In 2009 (at the age of 55), my mom was diagnosed with a "slow growing" cancer that turned out to be not so slow and died not so shortly after.  I researched the best doctors and cancer facilities for this rare form of cancer she had, but due her limited insurance coverage & lack of funds, they wouldn't accept her into their facilities.  When she finally went on to heaven, less than 6 months later, there were no funds to bury her and give her a proper funeral, there were no funds to help maintain the lifestyle of her barely-legal baby boy, who had just graduated high school less than a month earlier.....and most importantly, there were no funds, while she was alive, to either supplement her insurance so that she could get better care and/or at least funds to allow her to live out the remainder of her life in a place where she was comfortable.

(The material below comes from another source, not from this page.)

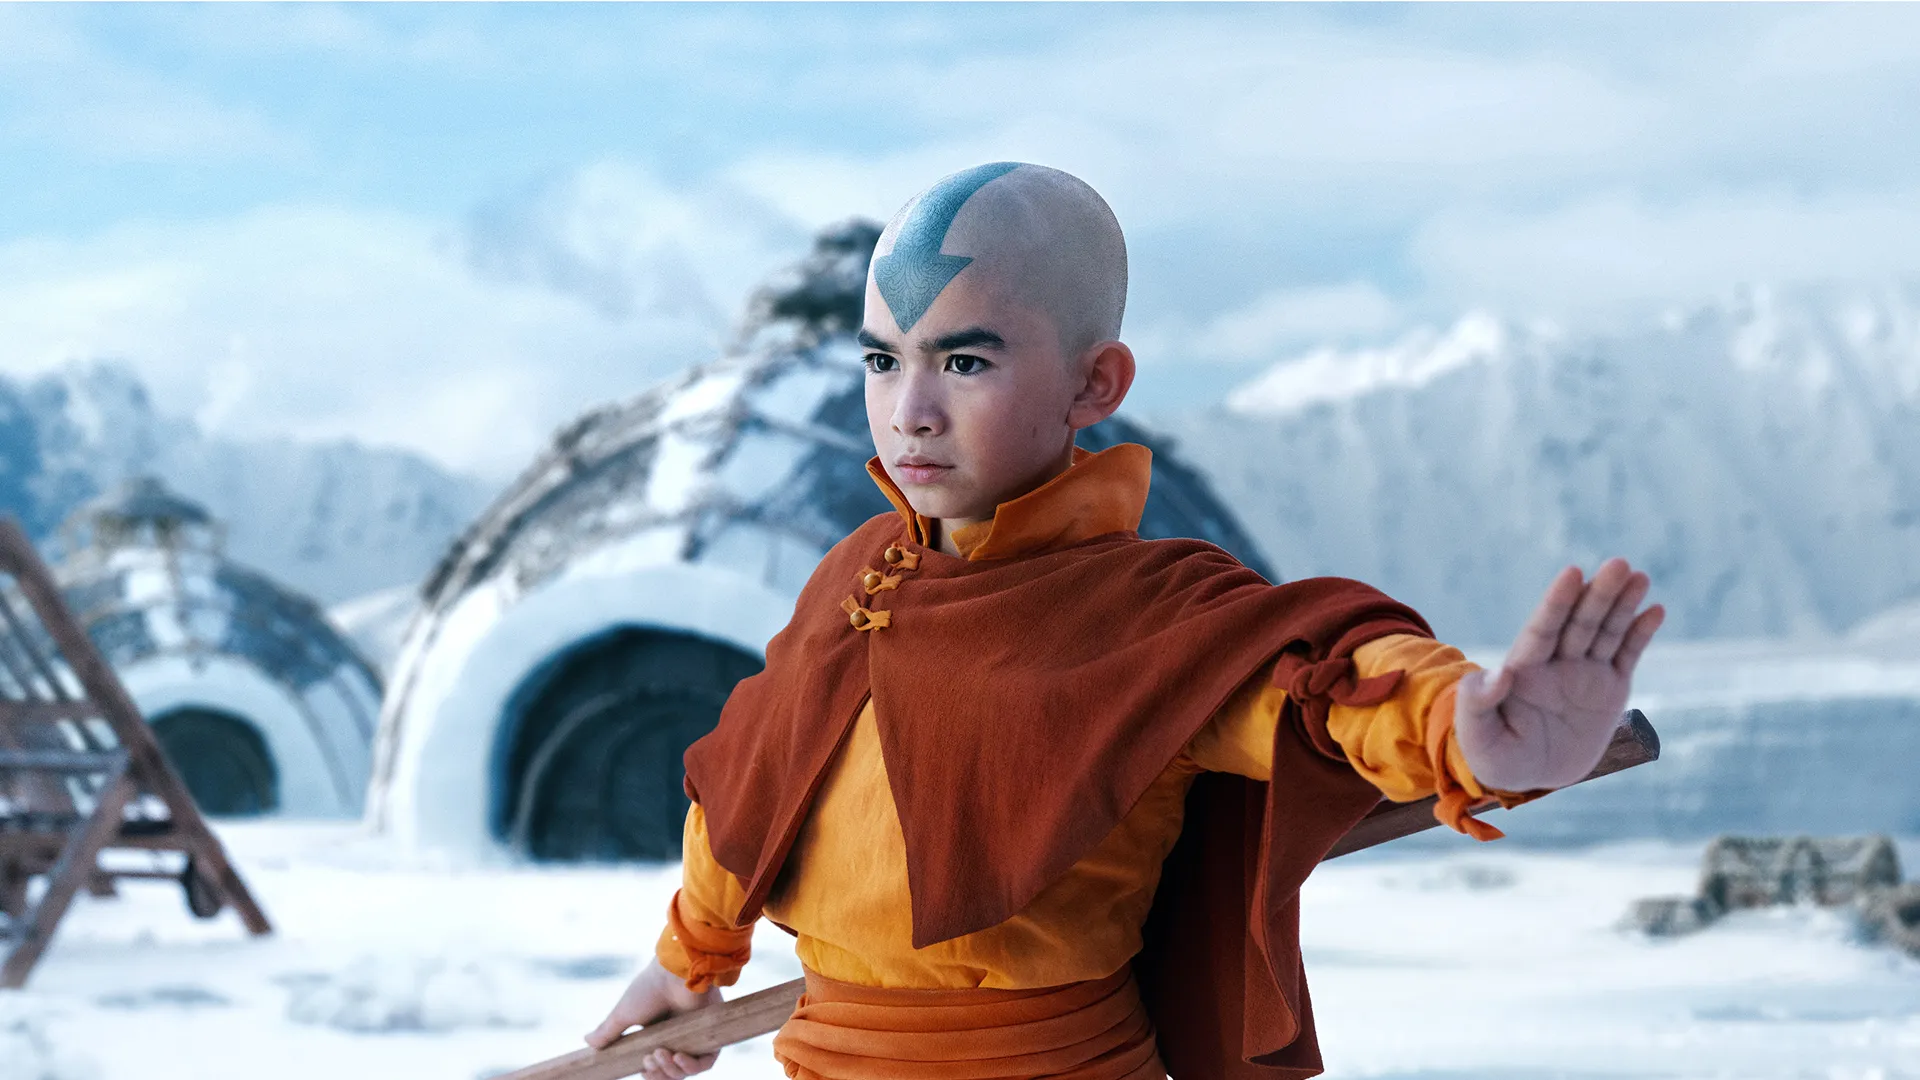 Avatar: The Last Airbender release date

A year or so later, my grandma was diagnosed with cancer.  She was well beyond retirement age and was living off of her social security, struggling every month to make ends meet.  Thankfully when she got really sick (however much annoying it was, I also consider it a blessing and a testament to the type of person she is/was), she had more than one of her children fighting over which one of them she would stay with.  Her eldest living daughter got a bigger apartment and moved my grandma in.  Still, it was a struggle financially, but they were able to make it work.  When she passed (family selfishness aside), she had monies saved through insurance policies that were able to be used to pay for her funeral.....as well as a little extra that could've (note on could've) been used to supplement the rental costs of the home her eldest daughter had moved into in order to take care of her mother.

My dad has worked in sales most of his adult life.  He's good at it and has been able to make a pretty penny off of it for many years of his life.  Now, his health is dismal.  He has major heart issues that sometimes keeps him in the hospital for days at a time.  While I don't think his line of work allows for "paid" medical leave, I do believe that he was somewhat smart with his savings, so is able to maintain his bills.....despite it likely being a bit of a struggle and stretch.  At the current moment, he is deciding what the best decision, as far as retirement goes.  He has retirement savings put away, it's just a matter of if he wants to let it grow some more or start the process of withdrawals now.  If, God forbid, something happens, his wife (who is disabled from a car accident years ago) will at least have funds to pay for all of his funeral expenses and to live off of for some time.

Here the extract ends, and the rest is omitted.